Will The Blazers Be Buyers Or Sellers?


A number of teams will likely be sellers this year with new coaches and in preparation for next year's draft. With a likely scenario leaving the Trail Blazers without a pick, should they be buying what the league is selling?

There's a tremendous amount of anticipation for each NBA team this season-whether it be to see if their youngsters will develop into top-notch players or to see if the team has what it takes to compete for a championship.

In just a few days, those questions will begin to be answered.

One team with numerous questions is the Denver Nuggets. Finishing with 57 wins and earning a top-three playoff seed last season, the Nuggets were upset by the Golden State Warriors in the first round. They also lost arguably their best player in Andre Iguodala during free agency, plus scorer Danilo Gallinari for the first few months of the season to injury. The quality and depth of the Western Conference doesn't help their cause either.

Possibly the biggest question mark for Denver surrounds Kenneth Faried, the highly productive and athletic power forward. Faried, while nearly averaging a double-double in his second NBA season last year, was the subject of trade rumors as far back as draft night.

His name popped up again in more rumors this week.

In light of those rumors, Jeffrey Morton and Nate Timmons of Denver Stiffs, an SB Nation companion blog, wrote about both the pros and cons of trading Faried. Both acknowledged his commitment and hustle, but both also spoke to his unique size and skillset - a combination that may not quite fit what new head coach Brian Shaw is working towards.

In the argument in favor of trading Faried, Morton compared the situation to Utah's recent signing of Derrick Favors. The 22-year-old recently inked a four-year, $49 million extension with the Jazz. Morton's main point was if it cost some $50 million to keep a comparable player like Favors on Utah's roster, should the Nuggets be spending that type of money on Faried? Furthermore, should they spend it on someone that may not even fit into the style Shaw wants to play?

"As it stands right now, with a dramatically new offensive approach, and the financial commitment that could potentially be due - the Nuggets need to make a move," Morton says while making the argument to trade Faried.

Like Denver, this season could and probably will be one of hard decisions, especially with a highly-rated draft class looming in the future. Franchises like Boston, Atlanta, Minnesota and Los Angeles are all teams either on the fringe of the playoffs or out-of-the-running with All Star level players.
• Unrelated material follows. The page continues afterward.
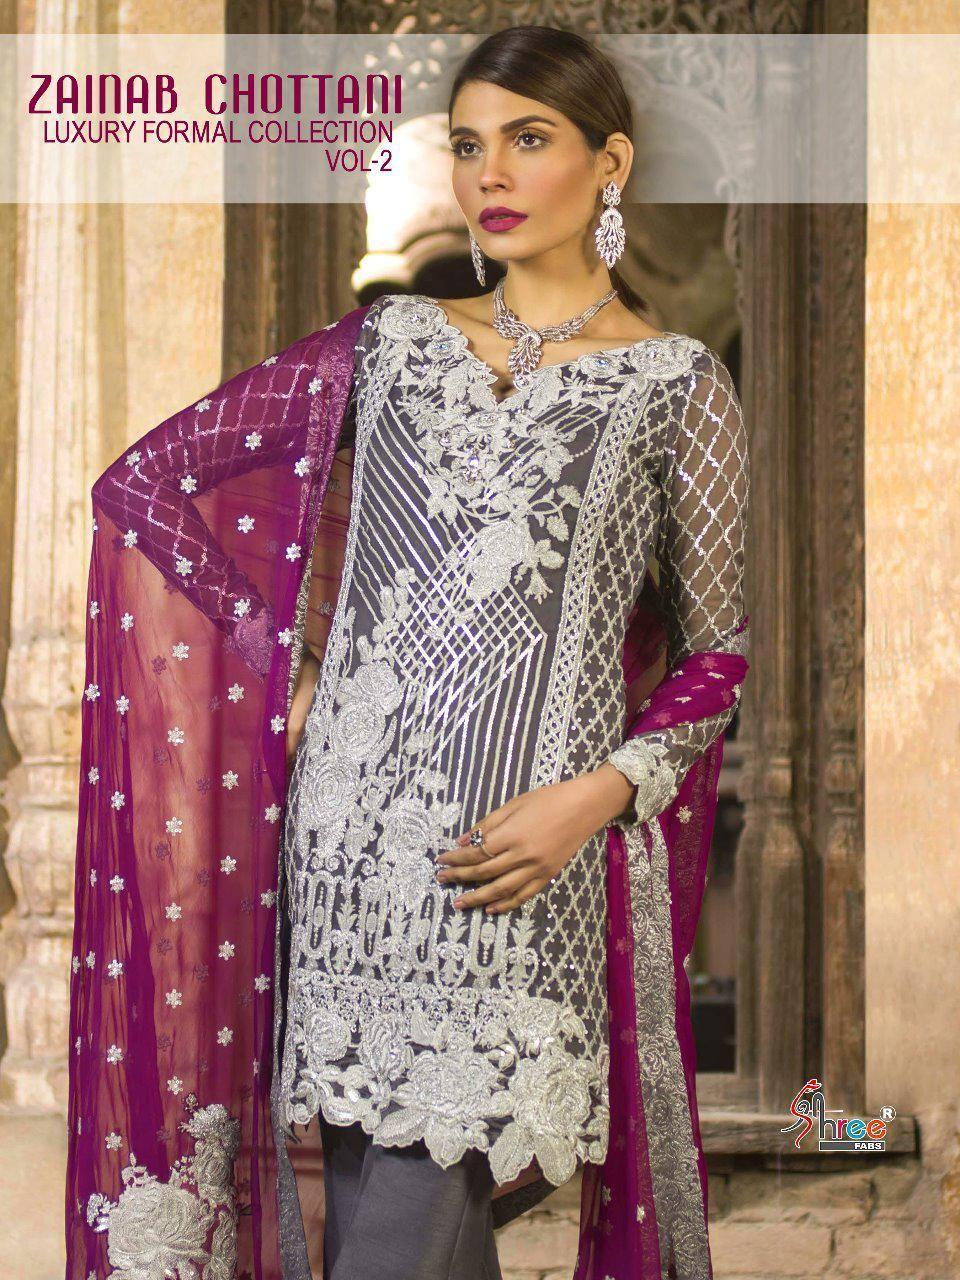 7021bbab29 Shree Fab Zainab Chottani Luxcury Formal Collection Vol-2 (8 Pc Set ...

The Portland Trail Blazers can be grouped into this category of fringe playoff teams that could be making hard, Faried-like decisions as well. While making the playoffs is the goal, it certainly isn't a guarantee. LaMarcus Aldridge is the figurehead of the debate, but with so many players on short contracts, tough decisions are on the horizon.

There are two ways you can look at the position Portland is in. The first is similar to Denver: Find out who fits into the long-term plan, and quickly cut loose those who don't.

However, there could be a second option for the Trail Blazers.

In the Gerald Wallace acquisition back in 2011, the Blazers ended up trading last year's draft pick. However, the pick was protected through the top 12, allowing the team to keep it and draft CJ McCollum at 10th overall. However, if the team makes the playoffs this year, they wouldn't keep their pick in a 2014 draft heralded as the best in a decade.

With the possibility of teams like Denver selling on top-talent and Portland in playoffs-or-bust mode, the Blazers could very well be in a position to be a buyer this year.

So much of the conversation among analysts and fans over the offseason was directed toward the first option for the Blazers: Blow it up; it's obvious this isn't a championship team, and with young talents like Damian LillardThomas Robinson and others, losing in the short term will lead to development and potentially winning in the long term.

What's clear from the Denver Stiffs column, though, is that Portland isn't the only one in this type of situation. If anything, they might even be in the majority, not minority.

That being said, you have to think Neil Olshey is wondering how he can score a top-tier player when others are chasing after a top draft pick that he probably won't have.

Doing so would certainly turn the narrative on its head.

There are tough questions Portland faces with top talent, just like Denver faces with some of their best contributors.

With the importance of making this season a successful one, it wouldn't be out of the question that the Blazers look to make a splash from a team like Denver cutting a highly productive player loose.